Today is the 19th birthday of the Hubble Telescope, which was launched into a high orbit on this day in 1990 by Space Shuttle Discovery. The Satellite has remained one of the most important installations to have been launched. The images that have been taken have helped to vastly increase our knowledge of the surrounding universe, and take some of the most beautiful sights from all over.

The Hubble Space Telescope was an important project for NASA, which was still reeling from the destruction of the Challenger orbiter just four years earlier after faulty parts and negligence contributed to the deaths of the crew members. NASA's public image was tarnished from the accident, and hopes were riding high on the successes of Hubble. The launch, STS-031, brought the Hubble 380 miles up, the second highest orbit, and twice that of the Shuttle's normal range.

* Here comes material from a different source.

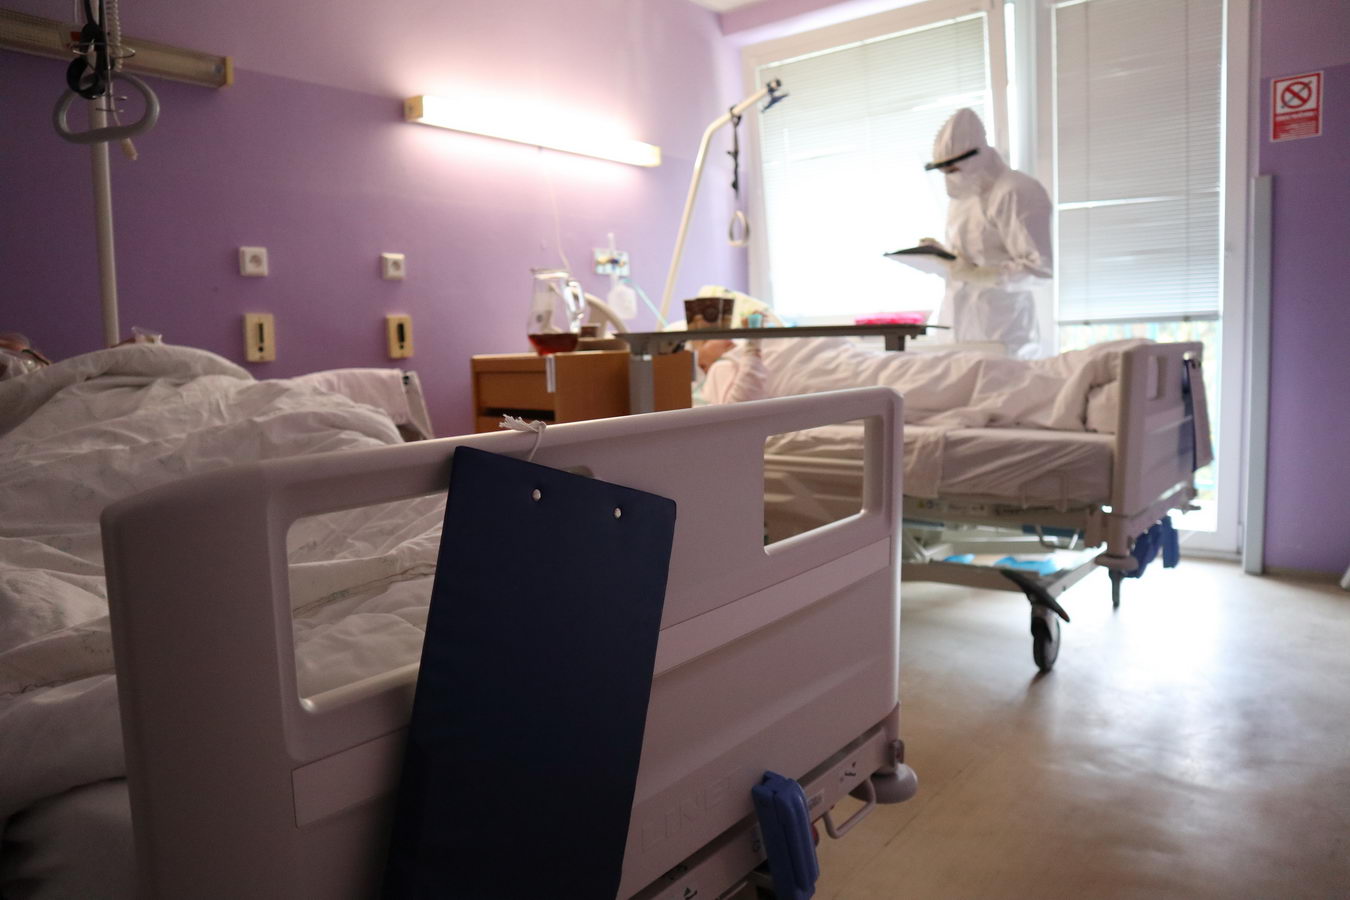 2370 fnsp zapocet covid hospitalizacii vzrastol v ziline dvojnasobne jpg

After it's deployment on April 25th, scientists found that the images that they recieved weren't as sharp as they'd thought. The primary lense in the telescope was incorrectly built, 2.3 micrometers out of the correct shape. NASA's image was once again tarnished, and scientists worked quickly to devise a solution. This was aided by the design of the Hubble, which was the only satellite that could be serviced in orbit. The first of four servicing missions brought up a sort of add-on that allowed for Hubble's vision to be corrected. The mission was an overwhelming success (except that the astronauts couldn't get one of the doors closed, and had to ratchet it shut). Five spacewalks were performed, and with the new images from the telescope, the public image of the agency rebounded. Three additional Servicing Missions were conducted, one in 1997, 1999 and 2002, each of which upgraded equipment or repaired faulty parts.

The last mission is scheduled later next month, STS-125, which will install a new camera and spectrograph and repair several other instruments that have failed. Following this mission, the Telescope will continue its life through to 2013, and it will be replaced by the James Webb Space Telescope at that time.